What is being asked -
Return exactly the span of lines in the following data that opens with the line containing "Déclaration conjointe –" and closes with the line containing "Earrings - GVE674". Include nothing else.

• • • • •

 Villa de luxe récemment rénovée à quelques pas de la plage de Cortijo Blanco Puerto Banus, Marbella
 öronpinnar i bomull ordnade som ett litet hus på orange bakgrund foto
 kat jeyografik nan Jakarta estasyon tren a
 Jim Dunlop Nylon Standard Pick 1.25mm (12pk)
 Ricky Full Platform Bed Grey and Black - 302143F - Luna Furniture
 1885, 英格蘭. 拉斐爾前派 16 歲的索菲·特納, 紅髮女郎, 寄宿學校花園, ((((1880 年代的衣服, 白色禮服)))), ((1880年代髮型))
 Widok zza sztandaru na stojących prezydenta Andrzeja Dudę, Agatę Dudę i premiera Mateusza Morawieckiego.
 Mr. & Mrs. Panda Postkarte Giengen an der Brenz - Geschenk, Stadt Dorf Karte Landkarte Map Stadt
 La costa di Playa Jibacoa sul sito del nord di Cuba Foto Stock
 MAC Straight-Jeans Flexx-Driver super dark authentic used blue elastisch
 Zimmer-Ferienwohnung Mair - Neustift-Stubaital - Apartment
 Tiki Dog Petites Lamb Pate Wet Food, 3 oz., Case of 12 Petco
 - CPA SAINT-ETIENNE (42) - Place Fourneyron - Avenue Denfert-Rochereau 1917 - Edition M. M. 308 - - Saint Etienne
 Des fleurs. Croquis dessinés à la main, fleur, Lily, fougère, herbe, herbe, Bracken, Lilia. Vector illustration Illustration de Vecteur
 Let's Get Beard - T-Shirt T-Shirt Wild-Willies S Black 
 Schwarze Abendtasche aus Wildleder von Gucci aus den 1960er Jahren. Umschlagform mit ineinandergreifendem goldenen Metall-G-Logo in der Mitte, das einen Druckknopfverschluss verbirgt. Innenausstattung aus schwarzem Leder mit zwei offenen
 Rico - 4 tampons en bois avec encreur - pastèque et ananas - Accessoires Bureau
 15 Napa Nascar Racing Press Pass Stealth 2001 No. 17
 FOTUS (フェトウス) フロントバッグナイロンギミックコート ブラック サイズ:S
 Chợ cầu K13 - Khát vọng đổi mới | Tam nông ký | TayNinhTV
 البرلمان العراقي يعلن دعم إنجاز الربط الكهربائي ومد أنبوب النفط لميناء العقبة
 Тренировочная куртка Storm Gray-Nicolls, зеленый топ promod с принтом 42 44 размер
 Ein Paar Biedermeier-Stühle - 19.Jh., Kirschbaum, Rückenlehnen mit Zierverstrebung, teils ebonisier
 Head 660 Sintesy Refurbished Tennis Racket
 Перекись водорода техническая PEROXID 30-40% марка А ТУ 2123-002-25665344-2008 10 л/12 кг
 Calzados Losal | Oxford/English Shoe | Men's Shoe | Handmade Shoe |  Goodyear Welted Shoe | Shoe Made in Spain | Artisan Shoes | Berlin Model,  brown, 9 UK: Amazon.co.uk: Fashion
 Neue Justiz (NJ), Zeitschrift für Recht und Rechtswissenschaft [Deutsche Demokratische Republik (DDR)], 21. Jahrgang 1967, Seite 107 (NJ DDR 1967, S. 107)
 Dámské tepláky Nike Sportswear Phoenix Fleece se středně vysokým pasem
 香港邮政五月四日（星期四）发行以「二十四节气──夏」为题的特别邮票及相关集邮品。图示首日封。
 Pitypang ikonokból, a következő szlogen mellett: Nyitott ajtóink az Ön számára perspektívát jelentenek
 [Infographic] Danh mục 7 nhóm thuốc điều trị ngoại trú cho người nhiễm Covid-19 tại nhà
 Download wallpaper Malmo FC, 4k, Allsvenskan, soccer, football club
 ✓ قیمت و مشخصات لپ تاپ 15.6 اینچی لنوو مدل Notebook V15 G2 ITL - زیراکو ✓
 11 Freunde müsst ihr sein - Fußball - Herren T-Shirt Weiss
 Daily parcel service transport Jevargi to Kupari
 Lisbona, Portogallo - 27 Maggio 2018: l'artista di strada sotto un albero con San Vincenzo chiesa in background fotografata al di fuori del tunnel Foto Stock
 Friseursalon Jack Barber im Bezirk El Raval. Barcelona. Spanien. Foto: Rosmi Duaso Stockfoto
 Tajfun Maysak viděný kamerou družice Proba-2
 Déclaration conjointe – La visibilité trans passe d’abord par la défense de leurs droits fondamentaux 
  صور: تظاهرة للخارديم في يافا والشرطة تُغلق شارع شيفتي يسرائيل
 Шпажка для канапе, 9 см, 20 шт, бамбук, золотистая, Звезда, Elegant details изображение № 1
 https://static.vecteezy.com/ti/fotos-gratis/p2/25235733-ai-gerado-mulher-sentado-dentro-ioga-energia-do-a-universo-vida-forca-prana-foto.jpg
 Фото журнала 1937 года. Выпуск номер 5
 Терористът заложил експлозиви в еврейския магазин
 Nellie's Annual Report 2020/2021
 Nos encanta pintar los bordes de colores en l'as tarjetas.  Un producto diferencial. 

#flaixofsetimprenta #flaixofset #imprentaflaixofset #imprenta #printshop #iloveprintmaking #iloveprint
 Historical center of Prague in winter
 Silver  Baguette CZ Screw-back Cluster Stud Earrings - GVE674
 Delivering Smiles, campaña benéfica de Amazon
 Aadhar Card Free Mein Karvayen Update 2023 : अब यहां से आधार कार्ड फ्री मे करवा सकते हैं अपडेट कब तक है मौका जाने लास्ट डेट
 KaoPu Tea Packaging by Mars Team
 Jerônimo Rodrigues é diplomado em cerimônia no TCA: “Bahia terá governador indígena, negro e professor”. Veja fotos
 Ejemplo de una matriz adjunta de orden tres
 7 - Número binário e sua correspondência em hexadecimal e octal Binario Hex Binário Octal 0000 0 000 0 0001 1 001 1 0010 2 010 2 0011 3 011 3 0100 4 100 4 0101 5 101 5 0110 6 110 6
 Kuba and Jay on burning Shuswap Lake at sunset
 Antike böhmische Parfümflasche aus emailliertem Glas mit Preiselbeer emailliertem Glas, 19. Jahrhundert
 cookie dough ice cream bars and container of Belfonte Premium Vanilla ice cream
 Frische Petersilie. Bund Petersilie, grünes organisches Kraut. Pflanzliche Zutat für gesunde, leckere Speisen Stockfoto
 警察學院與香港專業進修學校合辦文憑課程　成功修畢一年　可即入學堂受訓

• • • • •

Reply -
 Déclaration conjointe – La visibilité trans passe d’abord par la défense de leurs droits fondamentaux 
  صور: تظاهرة للخارديم في يافا والشرطة تُغلق شارع شيفتي يسرائيل
 Шпажка для канапе, 9 см, 20 шт, бамбук, золотистая, Звезда, Elegant details изображение № 1
 https://static.vecteezy.com/ti/fotos-gratis/p2/25235733-ai-gerado-mulher-sentado-dentro-ioga-energia-do-a-universo-vida-forca-prana-foto.jpg
 Фото журнала 1937 года. Выпуск номер 5
 Терористът заложил експлозиви в еврейския магазин
 Nellie's Annual Report 2020/2021
 Nos encanta pintar los bordes de colores en l'as tarjetas.  Un producto diferencial. 

#flaixofsetimprenta #flaixofset #imprentaflaixofset #imprenta #printshop #iloveprintmaking #iloveprint
 Historical center of Prague in winter
 Silver  Baguette CZ Screw-back Cluster Stud Earrings - GVE674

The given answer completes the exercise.